SPM/SRM KPIs, when applied to these groups, and when their performance is measured, allow organizations to have score cards that can be compared and analyzed to determine which of the suppliers need extended scope, contract, retainership and which of those need to be on a performance improvement plan.
Another way of determining a prerequisite to an action plan can be a combination of supplier benchmarking methodology combined with a supplier incident management report.
The incident management report is a powerful tool to draw out facts pertaining to the number of incidents that have occurred with a supplier over a period.
Critics will argue that the incidences are bound to happen and are minor and there may not be a need to consider an incident report for an SPM/SRM initiative.
This is true, in some cases.
From the organization’s perspective, across the list of categories and subcategories that suppliers cater to, across regional and global demographics the accumulation of supplier incidences big and small can cost an organization on administration costs, time, and resources.
For example, let’s say we have a hypothetical supplier ABC Inc. The supplier has a contract with XYZ Inc for a year. In this year, there have been 15 incidents where the supplier has shipped wrong goods, damaged goods, goods that went to the wrong location and goods that have missing parts or components.
The downstream impact this on the organization can be daunting.
Let’s look at it from a procure-to-pay perspective. The receipt has to be reversed; the invoice has to be blocked; a credit note may have to be issued; the accounting, the receiving, the end user who may have an urgent requirement would need to dish out on the same item from a non-contracted vendor which could cost the company; plants can be shut down. Even if there is an organized inventory control and management system, unforeseen things can happen.
Logistics can take days if not weeks depending on the order and volume.
About these incident reports, these could act as a catalyst to the benchmarking effort needed for executing the SPM/SRM process efficiently.
There also needs to be an action plan for suppliers who are in PIP and did not have a great score card.
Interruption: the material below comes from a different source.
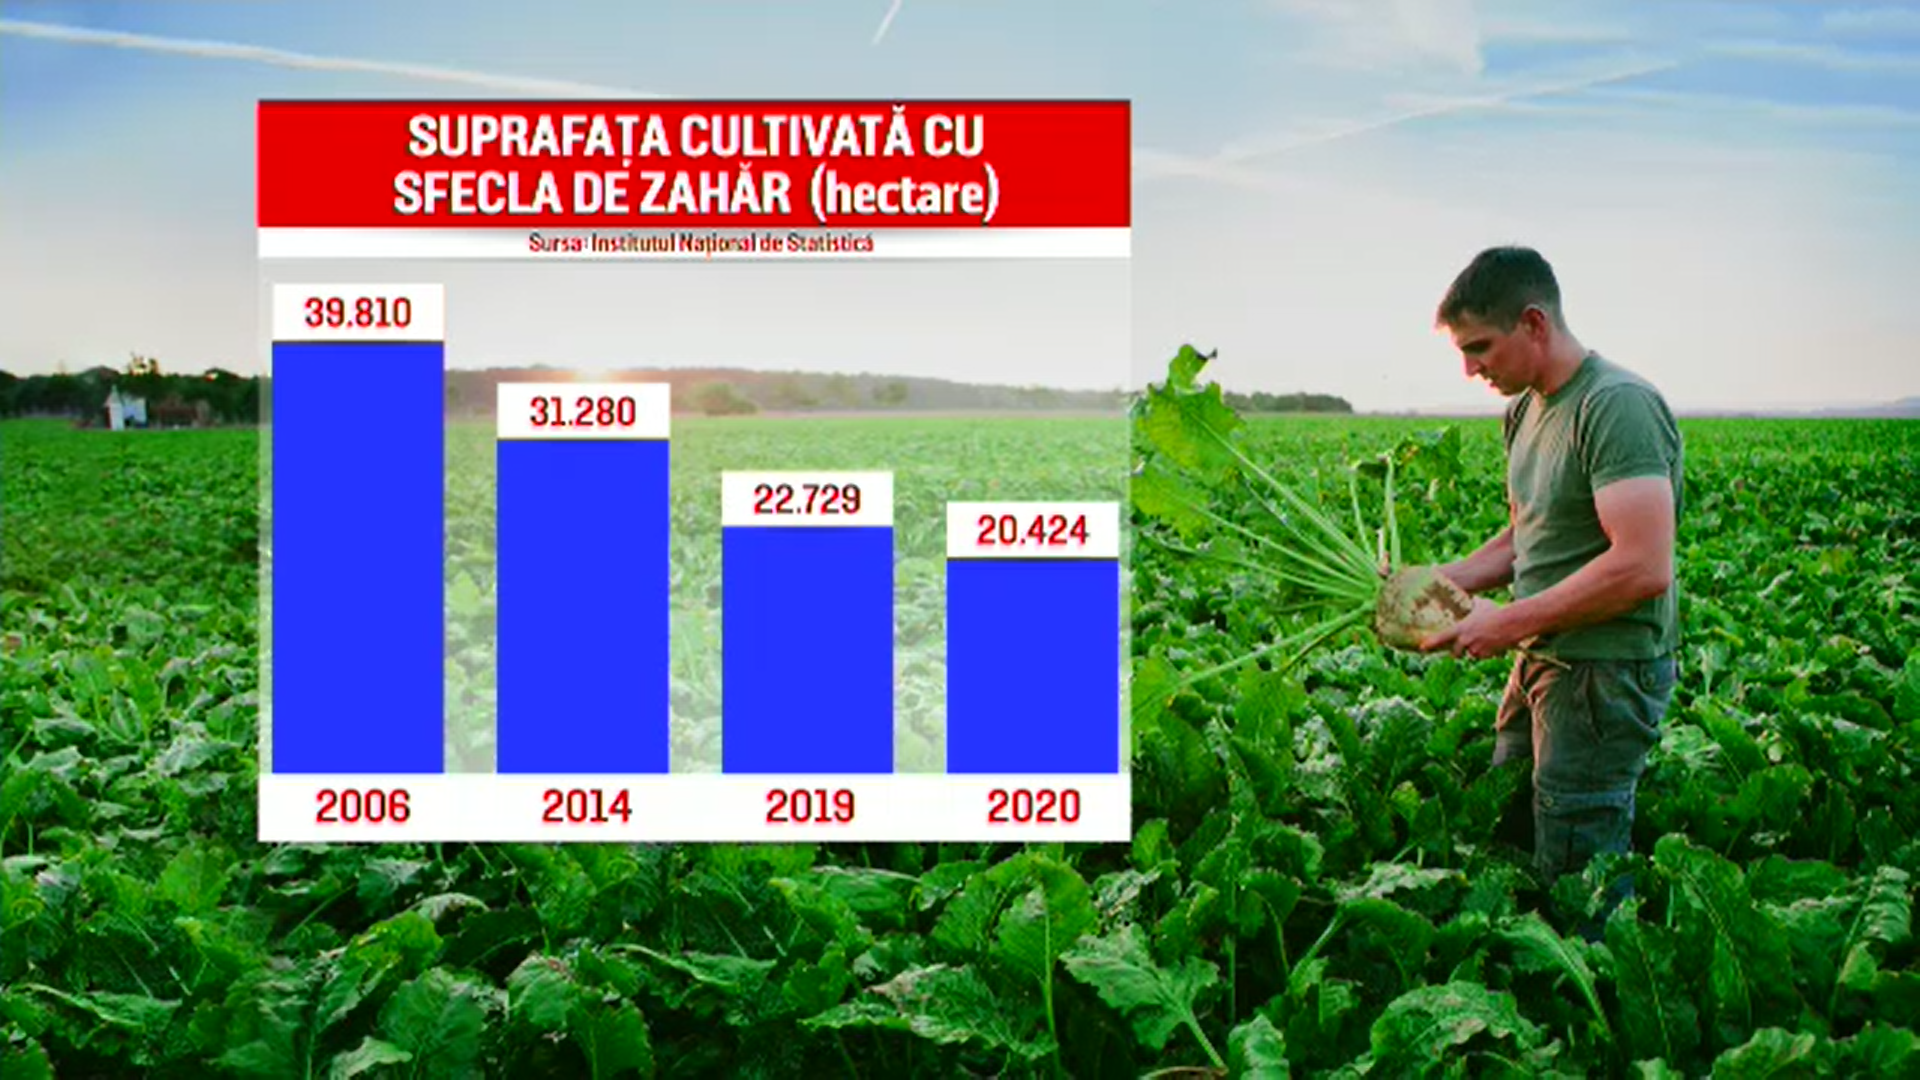 Sfecla de zahăr dispare de pe câmpurile din România. Recolta s-a redus la jumătate în ultimii ani

The action plan methodology helps the vendor manager assign tasks, sub-tasks and milestones to the supplier and monitor the contingency and improvement the supplier is showing.
If there is a need to close out an action plan, if the supplier is doing well, then another chance and another mid-year or a yearly review of their scorecards will determine their effort and they may or may not fall into the PIP process.
For those not able to close an action plan on a supplier on a PIP gives the organization reasons to consider terminating the contract on whichever grounds applicable.
This way, there is due diligence, documentation and facts and it shows the various methodologies used to retain or remove a supplier from a contract.